---- Task input
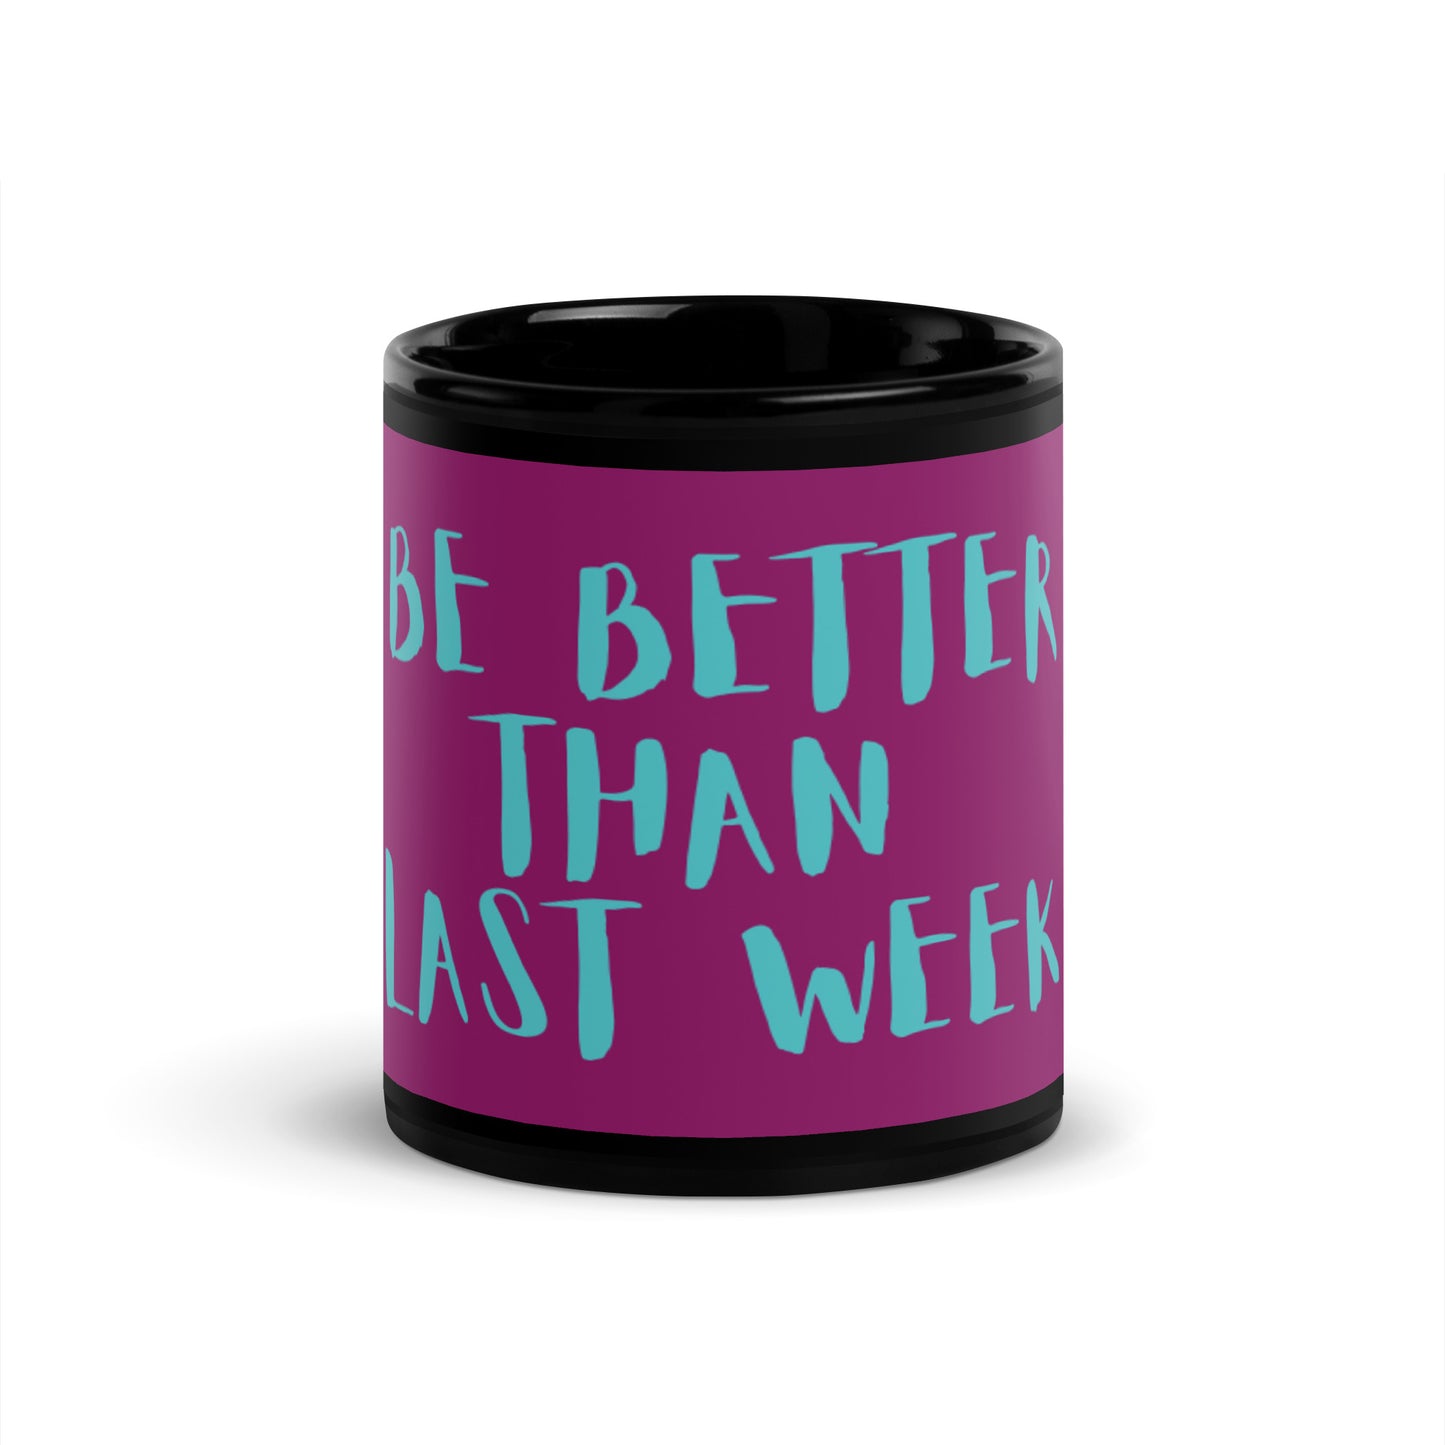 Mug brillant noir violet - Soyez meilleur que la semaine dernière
--------
---- Task input
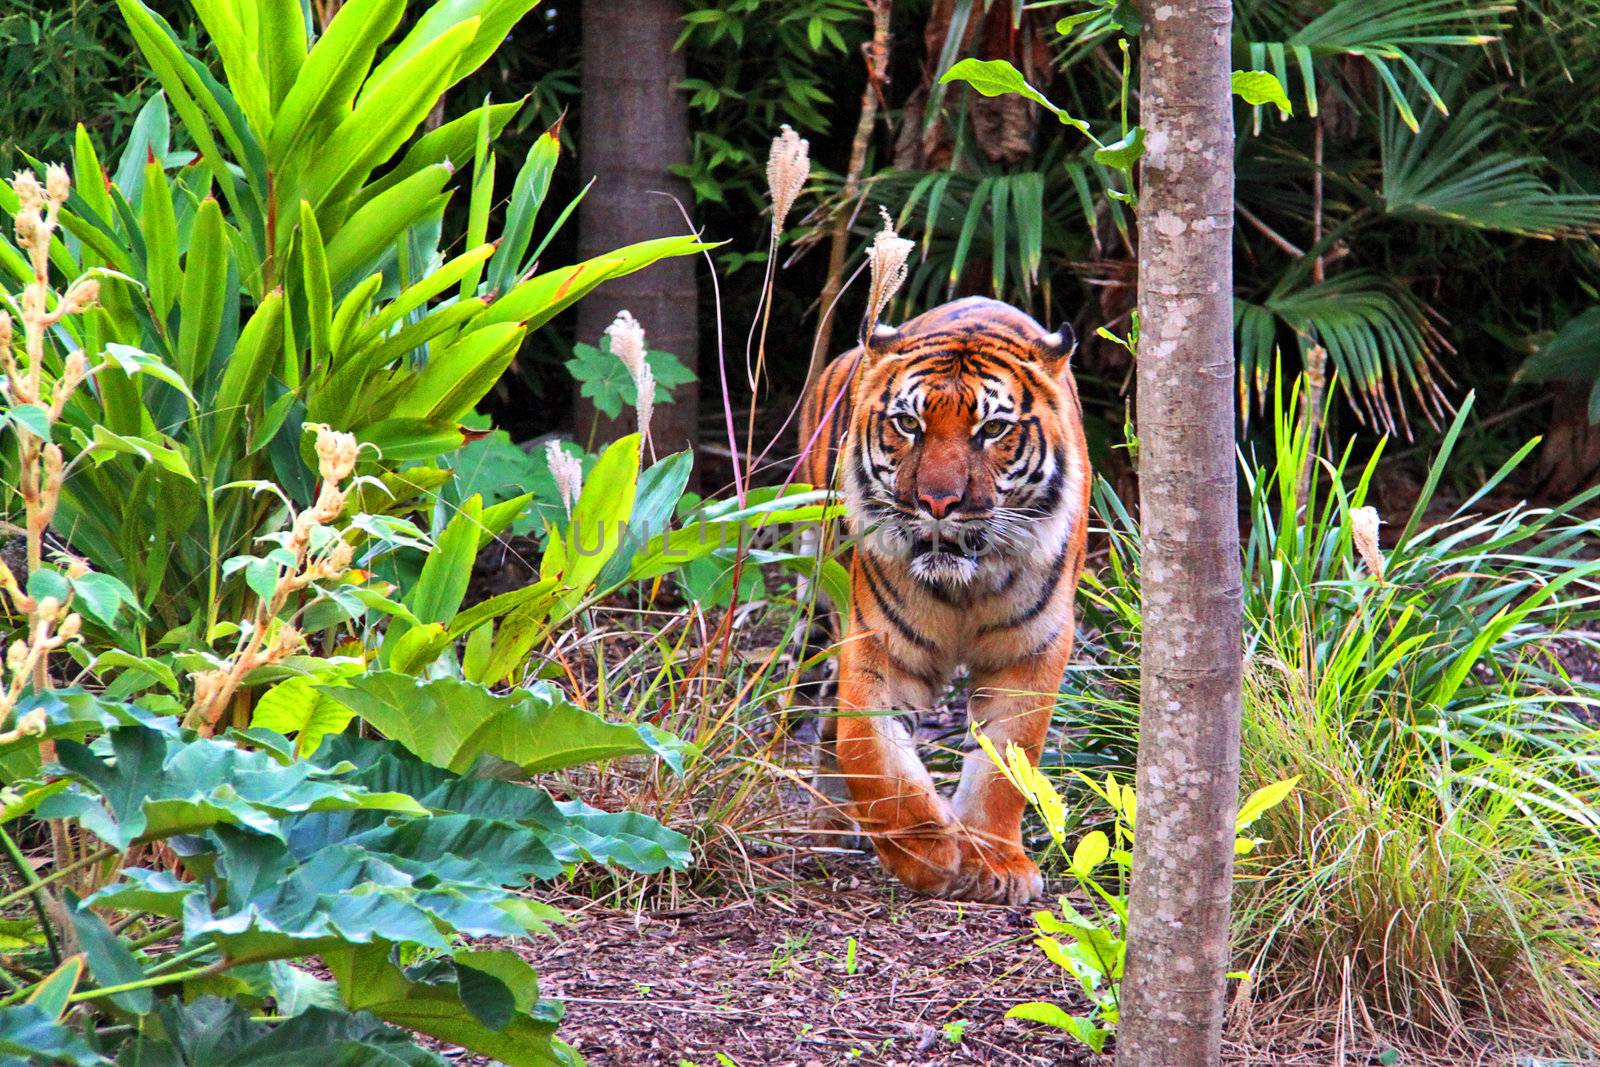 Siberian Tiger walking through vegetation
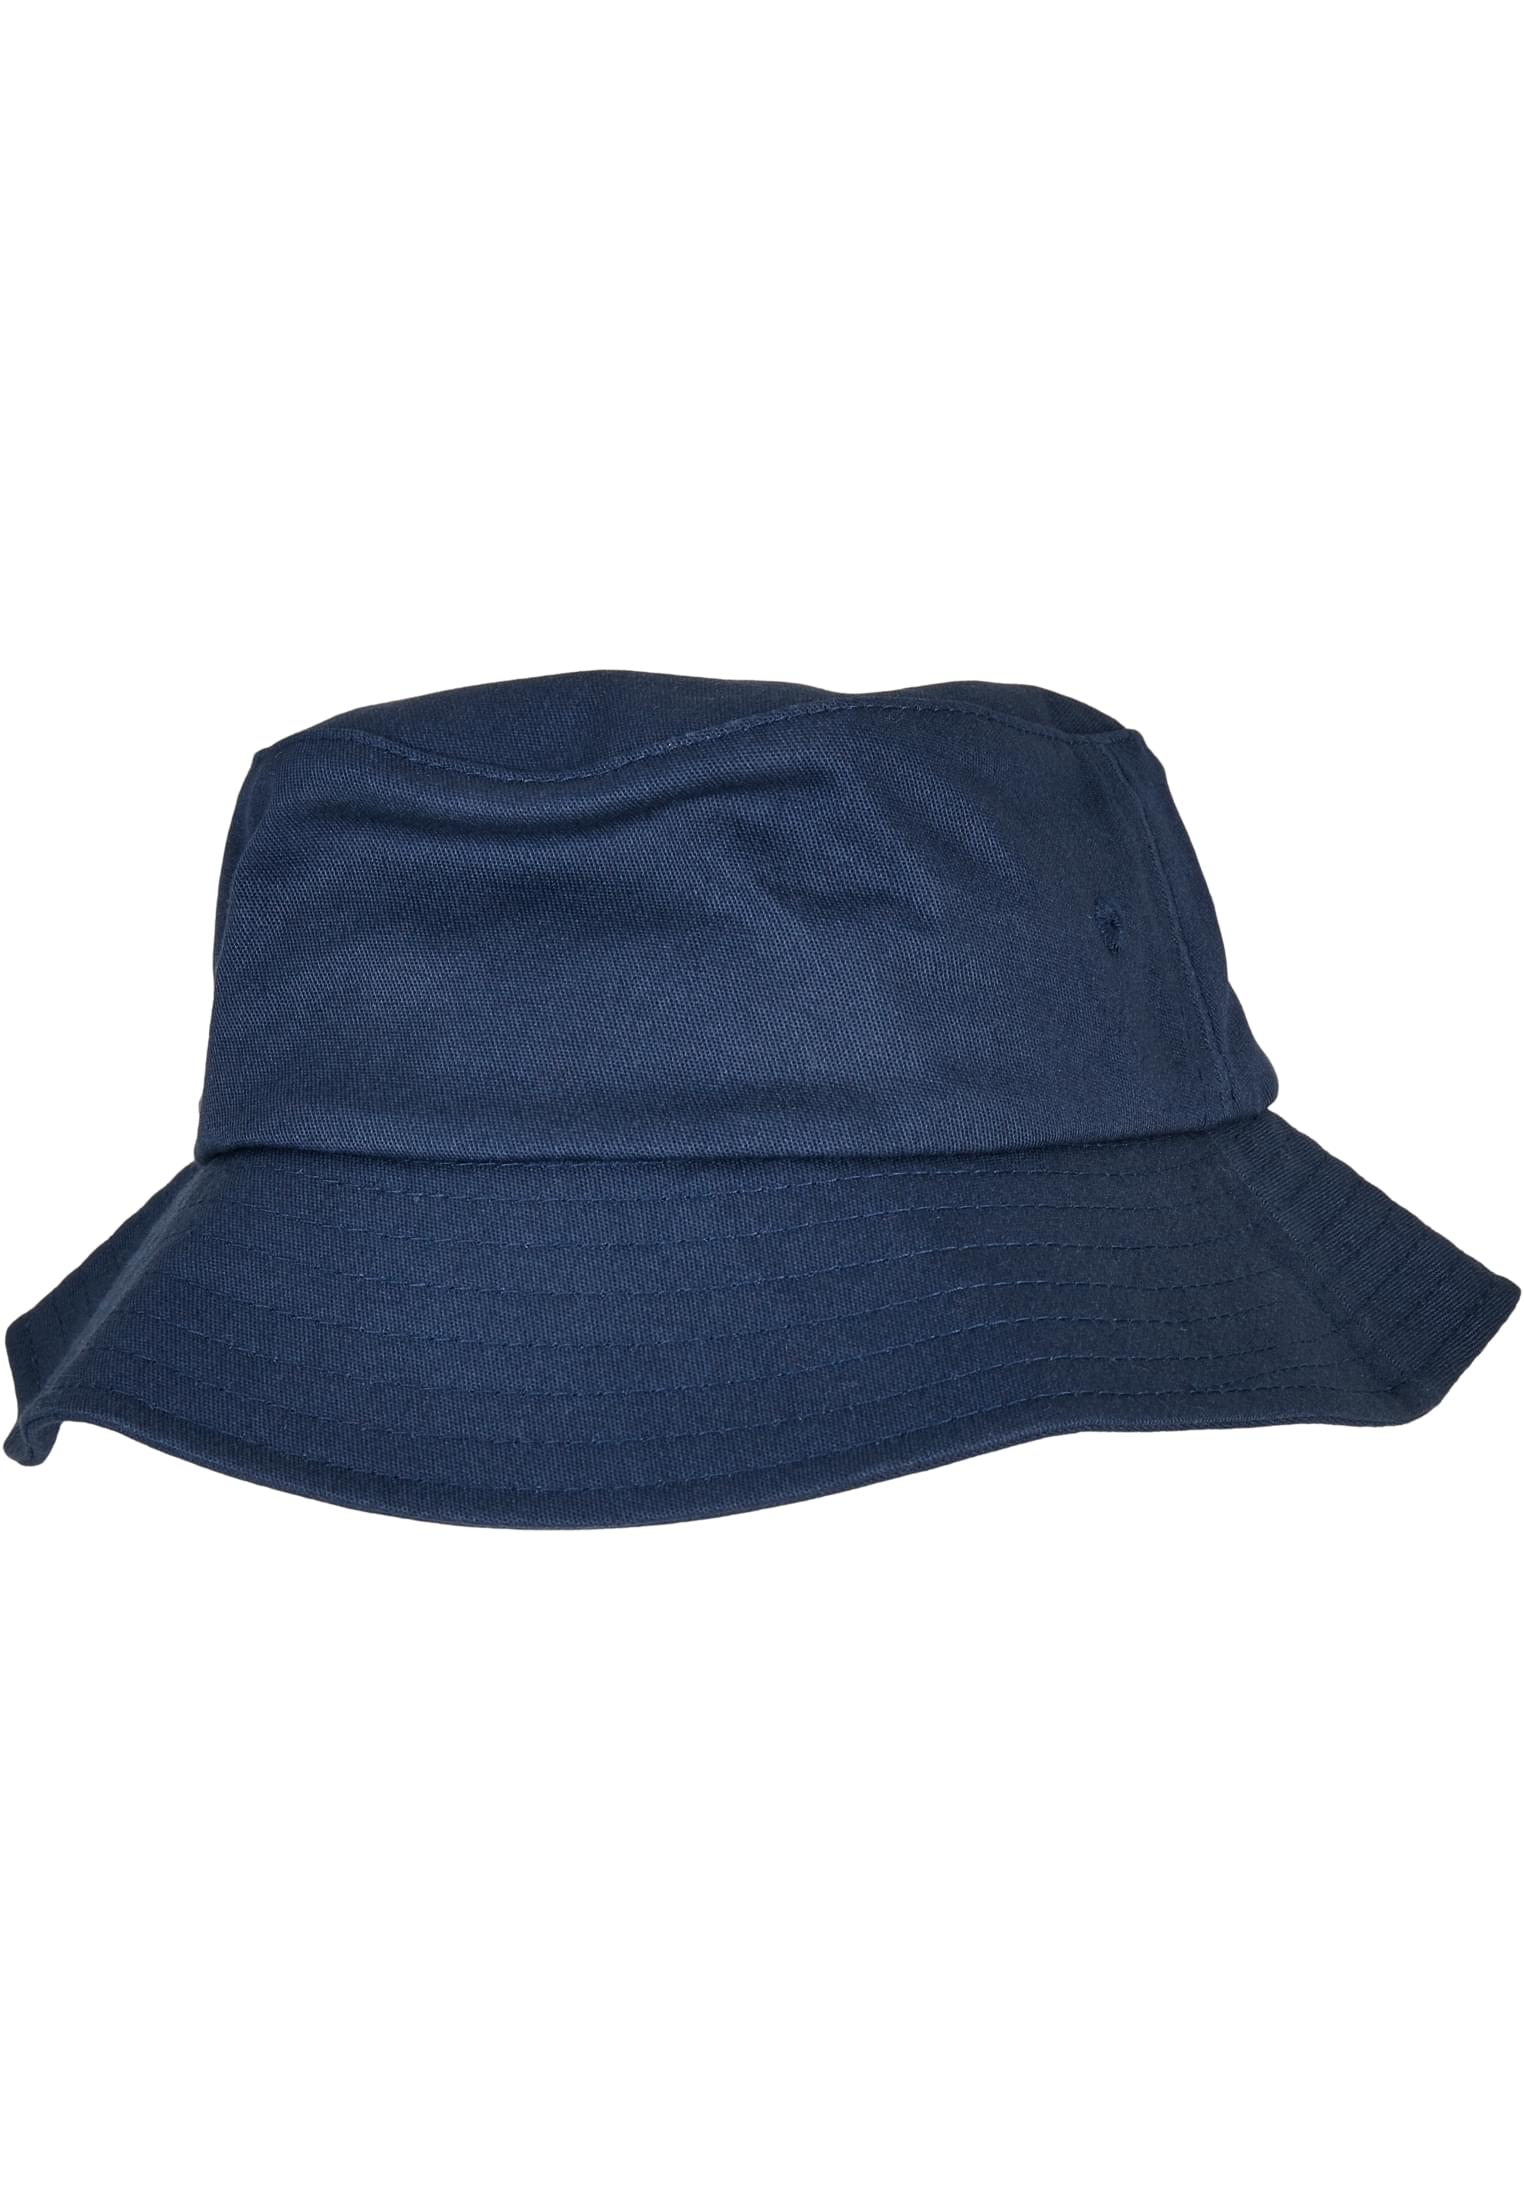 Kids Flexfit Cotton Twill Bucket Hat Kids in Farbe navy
--------
Assigned task: Out of the records above, return only the lines from the one with "Siberian Tiger walking through vegetation" through the one with "Kids Flexfit Cotton", exactly, and none of the pictures.

Answer to this exercise:
 Siberian Tiger walking through vegetation
 Kids Flexfit Cotton Twill Bucket Hat Kids in Farbe navy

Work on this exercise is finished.